Waterflood doesn’t work on Ugnu, the shallowest and heaviest of the North Slope formations.

A new technology, cold heavy oil production with sand, is being tried now “with different pumps and different wellbore style to see if we can actually keep that sand from moving out of the wellbores better.”

Light oil technologies

For lighter oil Prudhoe Bay development is underpinned by waterflood technologies and enhanced oil recovery through miscible gas injection.

And new technologies are being developed and employed, technologies which allow BP to move “beyond the easy oil into the more challenging, difficult bypassed oil or more challenging high-viscosity heavy oil,” Paskvan said.

Examples of new technologies are low salinity waterflood and Nalco’s Bright Water™, which allows redirection of water injected for waterflood.

Talking about low-salinity waterflood, Digert said BP thinks that “by changing the chemistry of the water we inject and actually engineering that chemistry, we can increase recovery in zones that have already been flooded by mobilizing some of the oil that’s been left behind” by earlier waterflood. “And in some cases we see that as being as much as 10 percent of the oil that was originally in place,” and at BP’s Milne Point field, he said, the original oil in place is about a billion barrels.

Bright Water™ is also a waterflood technology, in this case a way to redirect injected water, not a change in the water injected.

In areas that are under waterflood, where the oil has been displaced, water can move through the area where oil has been displaced and move rapidly from the injector to the producer without moving oil, Paskvan said.

The water is following a route through portions of the formation where the oil has already been swept.

Bright Water™ redirects the waterflood.

Particles are pumped into the injector well.

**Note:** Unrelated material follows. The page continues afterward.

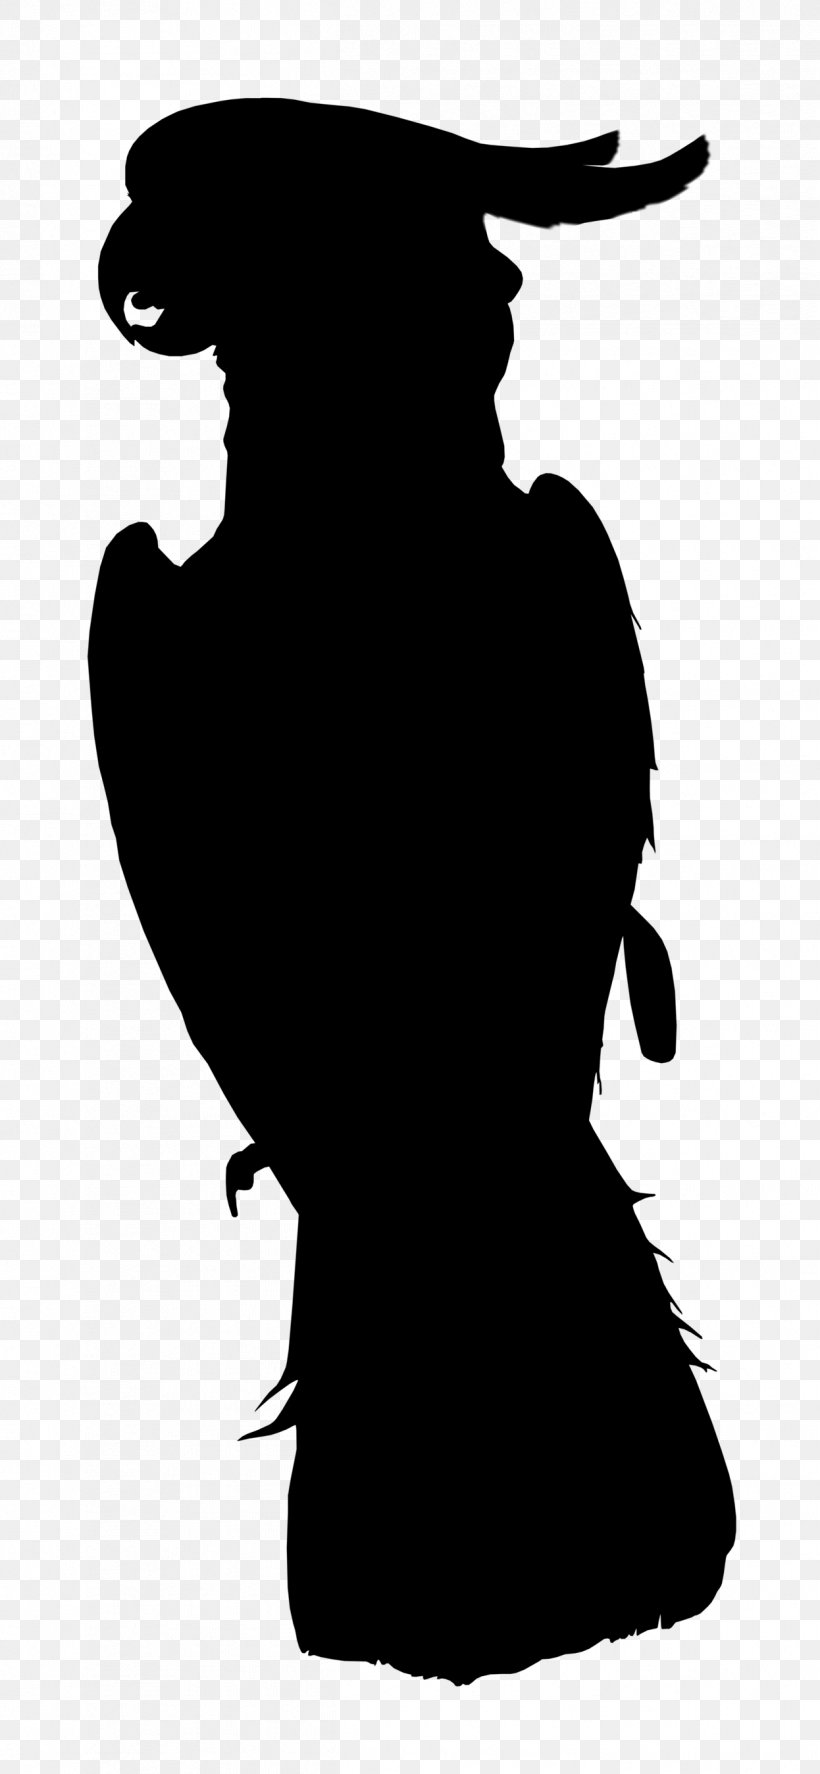 Illustration Clip Art Silhouette Character Fiction, PNG, 1246x2697px, Silhouette, Black M, Blackandwhite, Character, Fiction Download Free

The particles are so small they move into the sandstone. Heat in the reservoir expands the particles, which mesh up with other particles, filling the pores in the sandstone through which water had been moving, creating “a deep diverting block” which prevents water movement, Paskvan said, causing injected water to move into new areas where it can sweep remaining oil to producing wells.

Digert said those are only examples of innovative technology used at Prudhoe: Alaska is a key technology area for BP, he said. Considering the size of BP — 100,000 people and $20 billion a year in capital deployed worldwide — Alaska is a recognized leader in technology within BP, he said.

Renewal project

Digert said that while the good news is that Prudhoe has produced more oil in 30 years than was expected — and BP now sees a much longer future on the North Slope — “the downside of that is … we find ourselves with facilities that were built for a 30-year future.”

The company is now “heavily engaged in what we call our renewal project.”

Digert said that’s a little misleading because “really you’re rebuilding for a future that’s different from your past.” The future, he said, will include heavy oil and hopefully major gas sales.

What’s needed for heavy oil, Paskvan said, is modifications within Prudhoe, including equipment that allows heavy oil production through facilities designed for light oil.

Digert said modifications were done at Milne and will also be needed at Kuparuk to handle West Sak heavy oil.